For the hospital system, those entities are:
- Patient
- Consultant
- Appointment
No columns yet. Just identifying what exists.
5. Logical Model
This is where things start to feel more “database-like”.
The logical model:
- Defines the attributes of each entity
- Shows relationships between entities
- Is often drawn as an Entity Relationship Diagram (ERD)
First pass
We might start with:
Patient
- name
Consultant
- name
Appointment
- date & time
- clinic name & address
- patient
- consultant
Spotting problems (normalization begins)
This is where I dove a bit deeper into the art and science of designing database and tables.
Every appointment at the same clinic will have the same address. Storing the address in every appointment row means:
- duplicated data
- higher chance of errors
So instead, we introduce a new entity:
Clinic
- clinic name
- address
And now Appointment just references the clinic.
This process of removing duplicated data is called normalization.
At this stage, we also:
- choose data types
- define constraints (e.g. appointment dates must be in the future)
- identify primary keys
6. Normalization (At a High Level)
Normalization in simple terms means:
Store each fact once, and only once.
Normalization means storing each real-world fact in one place and linking everything else to it and there are different normal forms (1NF, 2NF, 3NF, etc.). Each one has rules that reduce redundancy and anomalies.
A full deep dive is out of scope here, but the key takeaway for me was:
- normalization improves data quality
- it makes systems easier to maintain
7. Physical Model
The physical model is where the design turns into actual SQL.
This includes:
-
CREATE TABLEstatements - data types
- performance decisions (indexes, partitions, etc.)
Example tables might look like:
create table consultants (
consultant_id integer,
consultant_name varchar2(100)
);
create table patients (
patient_id integer,
patient_name varchar2(100)
);
create table clinics (
clinic_name varchar2(30),
address varchar2(1000)
);
create table appointments (
appointment_id integer,
appointment_datetime date,
clinic_name varchar2(30),
consultant_id integer,
patient_id integer
);
This is where non-functional requirements (like performance) really start to matter.
8. Supertypes and Subtypes
At this point, something interesting shows up.
Both patients and consultants are people — and people have names.

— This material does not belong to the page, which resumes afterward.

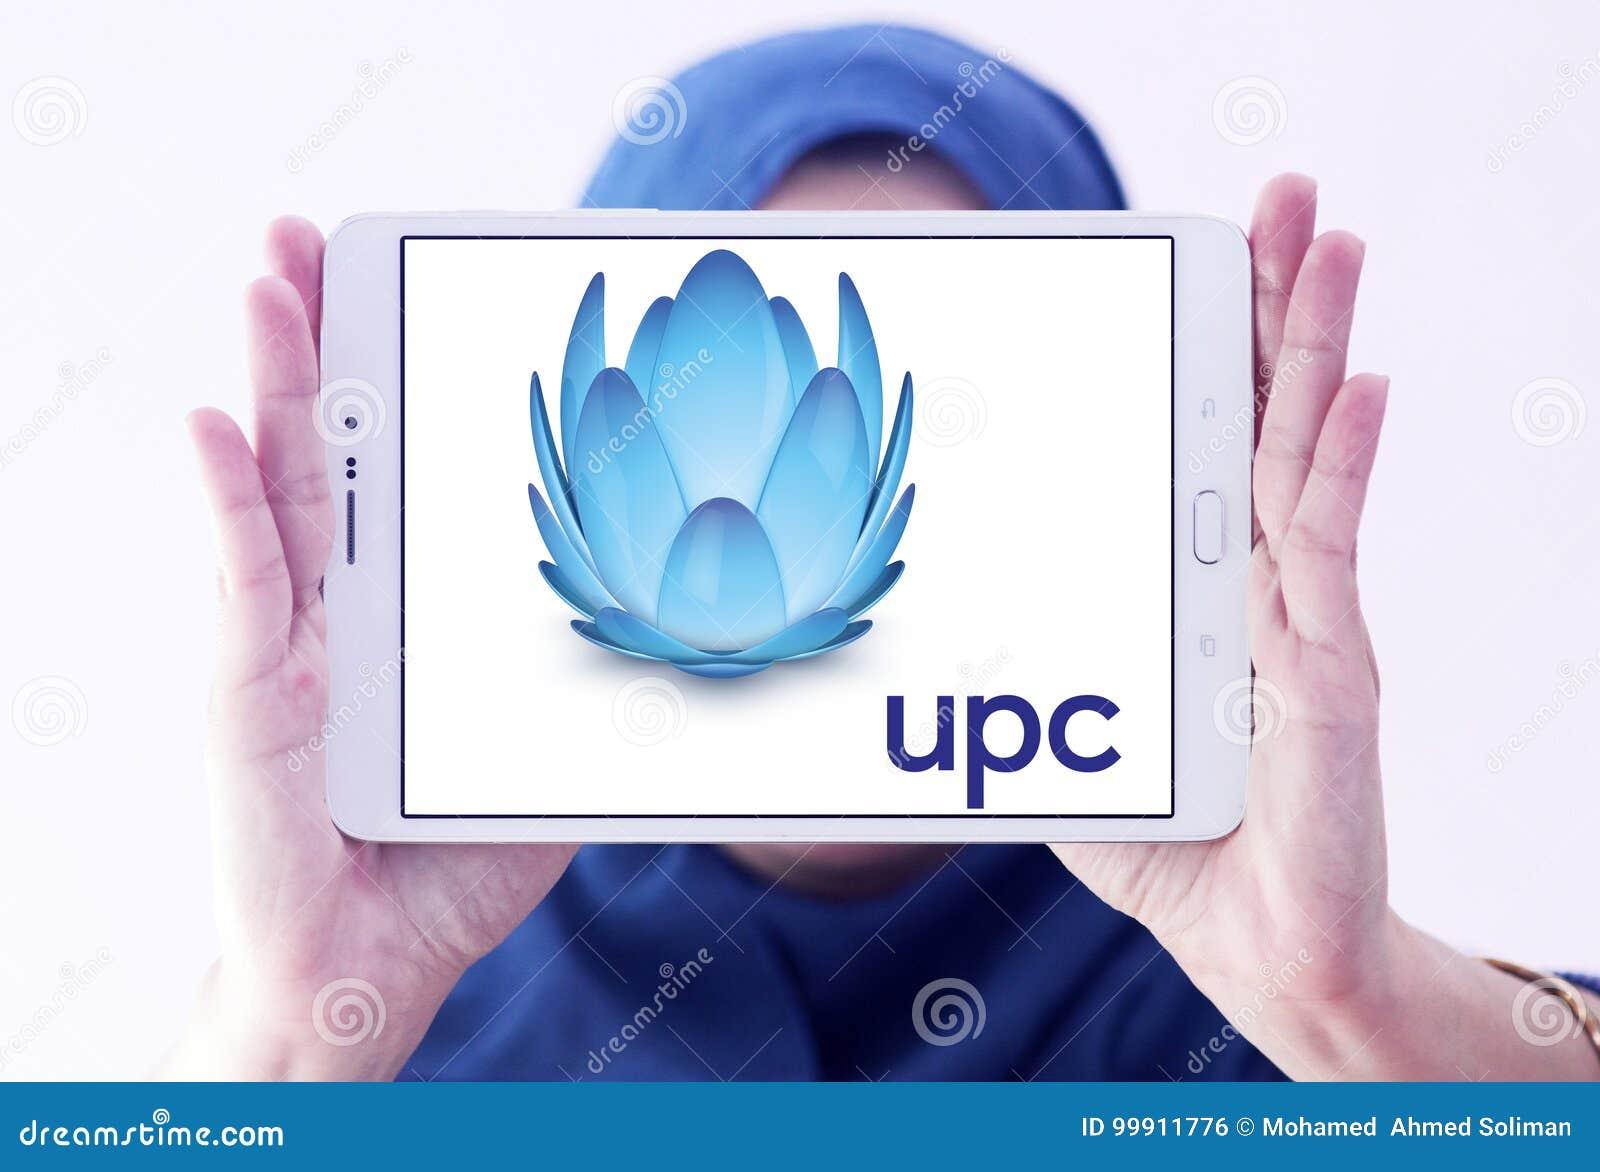 UPC Broadband logo editorial photo  Image of communication

If someone can be both a patient and a consultant, storing their name in two tables can cause inconsistencies and makes querying the data a bit more complex. Imagine you wanted to edit the name of a patient who is also a doctor, you'd have to edit both tables and ensure that there are no inconsistencies.
Introducing a supertype
So we can create a people table and generalize the data:
create table people (
person_id integer,
full_name varchar2(100)
);
Now:
-
peopleis the supertype -
patientsandconsultantsare subtypes
Subtypes store only what’s specific to that role.
This structure:
- avoids duplication
- keeps shared data consistent
Whether you need supertypes depends on your requirements and that decision often changes over time.
9. Relational vs. Document Storage
It can be tempting to skip all of this and store everything as a single JSON document. These formats for me are more familiar due to my previous experiences.
Example:
{
"appointmentDatetime": "2018-09-01 10:00",
"location": {
"name": "PHYSIO",
"address": "1 Hospital Way"
},
"consultant": {
"name": "Doctor Awesome"
},
"patient": {
"name": "Miss Sick"
}
}
This looks convenient but it has downsides:
- harder to query
- duplicated data
- inconsistent values
Over time, these shortcuts usually create more problems than they solve.
Relational design takes longer upfront, but it tends to produce systems that are:
- easier to query
- easier to maintain
- more flexible long-term
Final Thoughts
What stood out to me most is that good database design is about thinking, not syntax. SQL is just the final expression of decisions made much earlier.
I’m still very early in learning this, but even this high-level understanding already changes how I think about tables.